From what I have read here, the duplicate filter, if it exists at all, kicks in when the page content is between 10% and 15% duplicated by another page. Having said that I have had many pages stolen and my original page and the duplicate seem to have lived happily side by side in the serps for many months before I force the thief into submission. Perhaps someone else could chime in with a more accurate appraisal of duplicates.
If a page exists that links to X and Y, then X and Y are similar.
|From what I have read here, the duplicate filter, if it exists at all, kicks in when the page content is between 10% and 15% duplicated by another page. Having said that I have had many pages stolen and my original page and the duplicate seem to have lived happily side by side in the serps for many months before I force the thief into submission. Perhaps someone else could chime in with a more accurate appraisal of duplicates. |
"Similar Pages" is totally unrelated to the content of pages.
I think this [google.com] is what he is asking about.
Its a little more complicated than that Plasma. I submitted a story to the Google Weblog when MSN had just launched their preview search engine. I pointed out out that MSNbot's FAQ was almost identical to Googlebots, word for word. I got a link, and after that the page rank for my blog shot through the roof, higher than the PR for the blogging community i'm on, and if you searched for similiar pages to my blog, the FAQ and help files for the blogging community itself showed up. Google clearly got confused and thought I somehow had something to do with FAQ's and help files, thereby deeming me "similar".

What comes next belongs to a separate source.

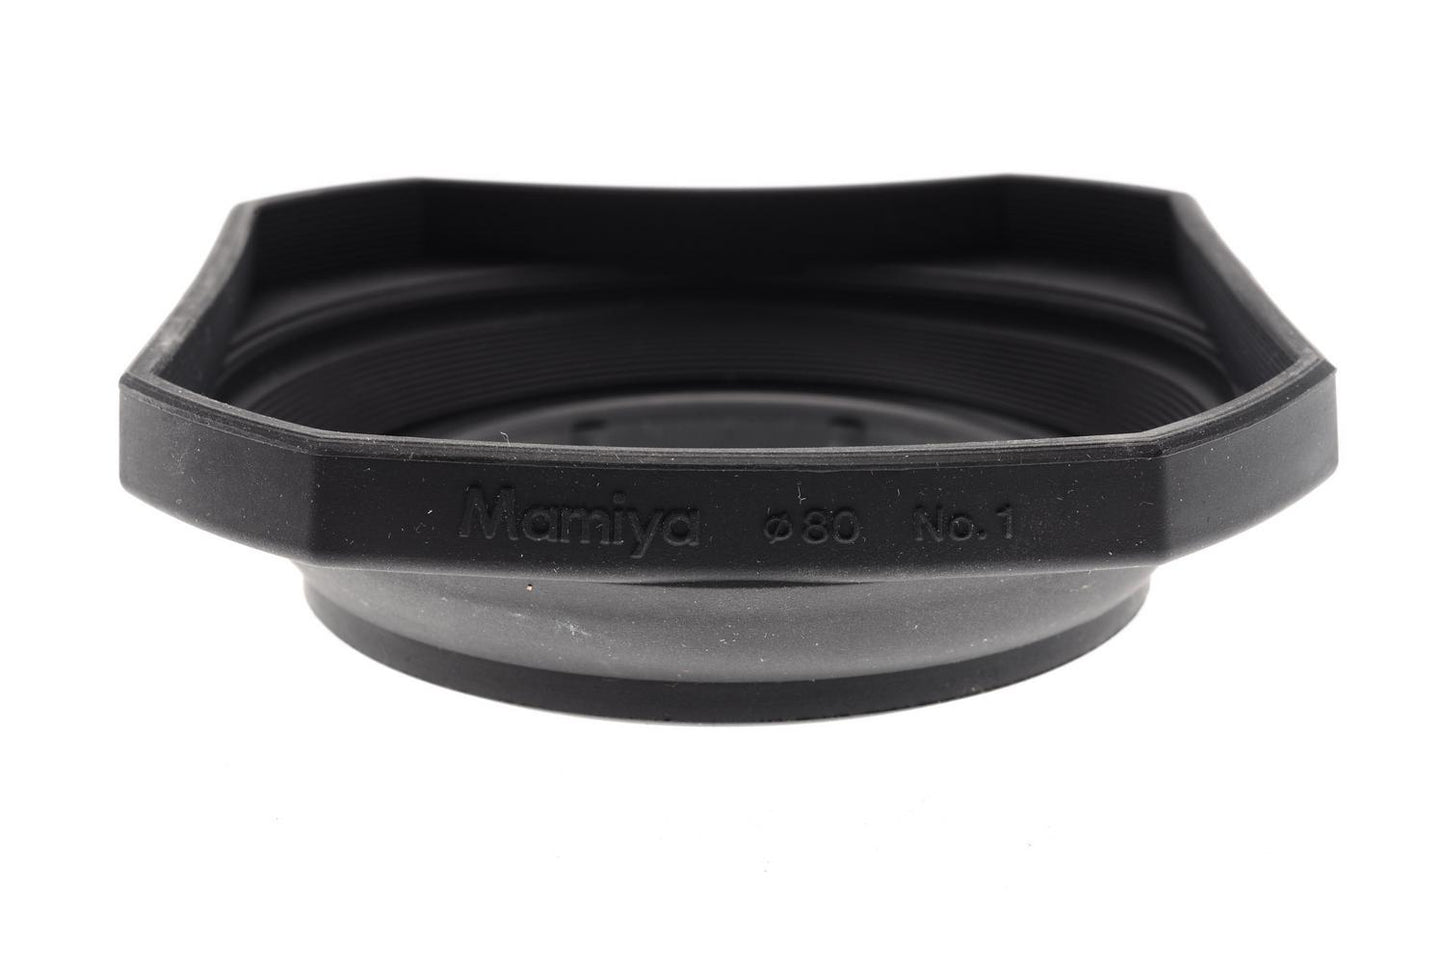 Mamiya 80mm Lens Hood No. 1 for 50mm / 65mm (RZ67/RB67) and 45mm (M645) - Accessory
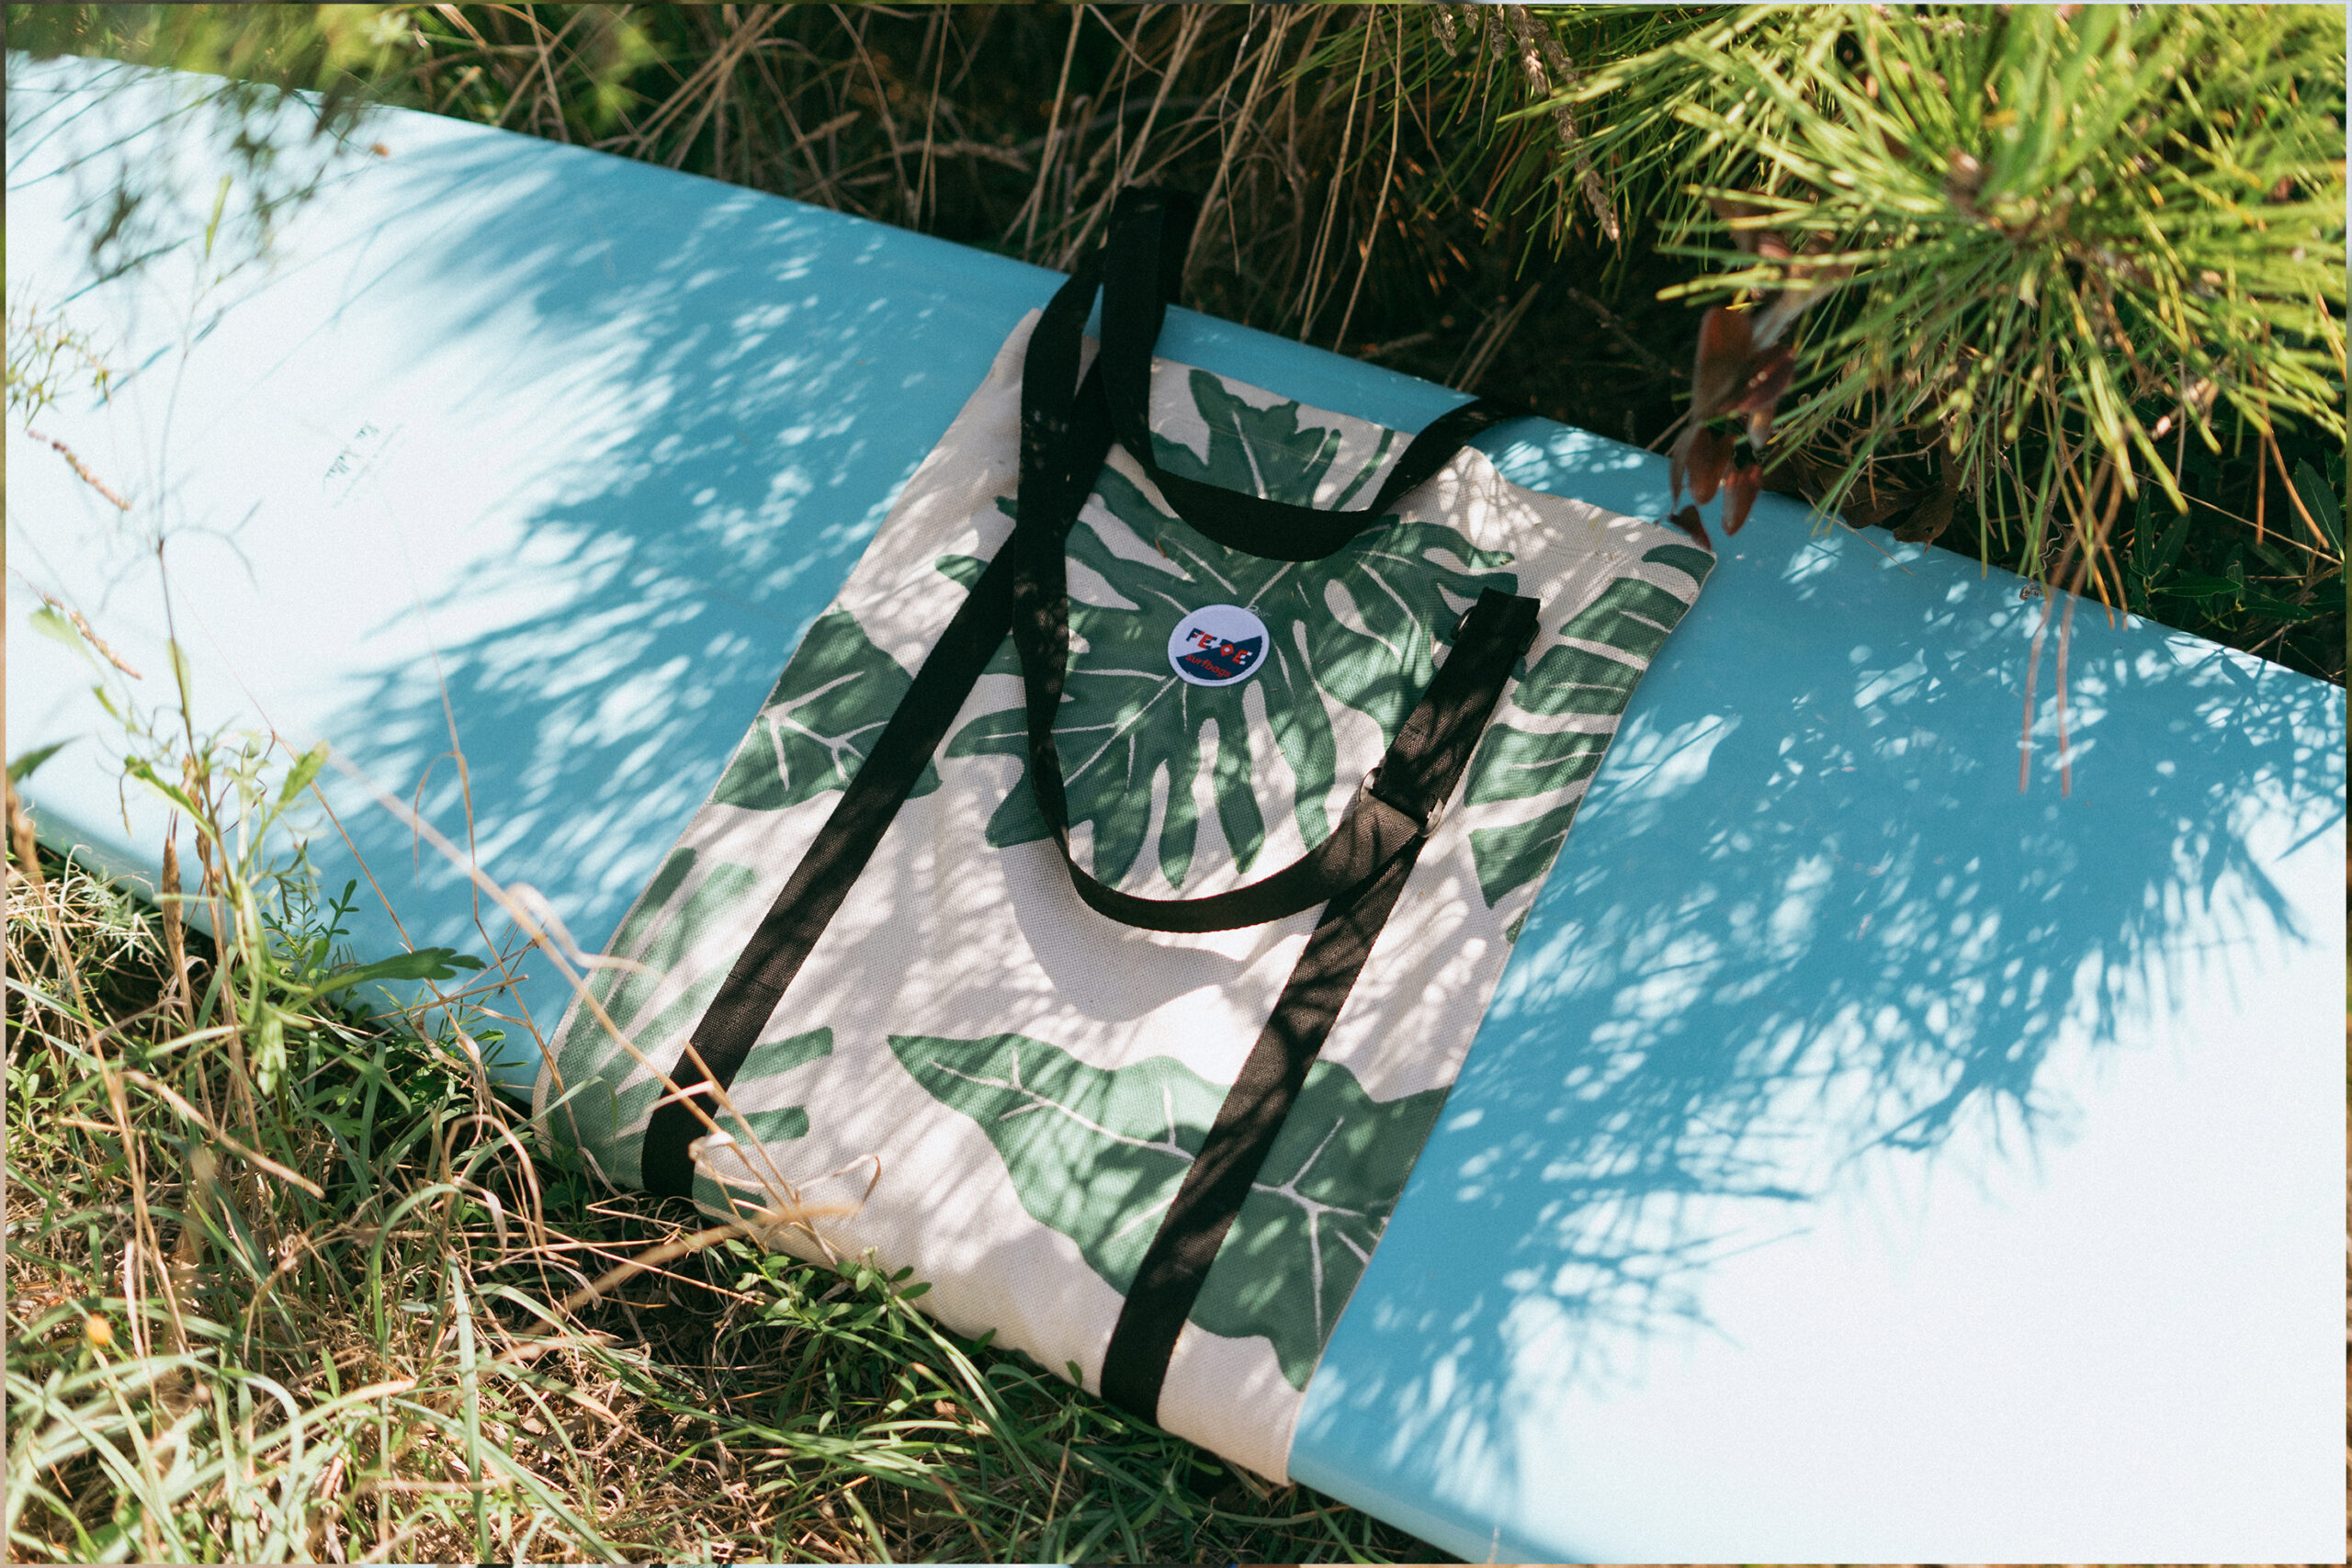 Surfboard Carrier - Surf Slin Bag to carry longboard or heavy surfboards to the beach. Made to order and hand painted with a tropical leaf design by Fede Surfbags in Italy.

The context of the text around links plays a big part in similar pages.
Maybe we are talking about different things.
I thought we are talking about
My site is rather small, ~50 pages
From one page (our portfolio) we link to our customers.
All of the sites linked from that page (ours too) are "related" although they have absolutely nothing in common.
again thanks for the opinions
This may help you visualize the concept of GOOGLE simillar:
[edited by: Marcia at 3:48 am (utc) on June 14, 2004]
[edit reason] Links need to be clickable. [/edit]
what does G actually look at with SERPS at
What is the criteria?
Is it matching with title, desc or keywords?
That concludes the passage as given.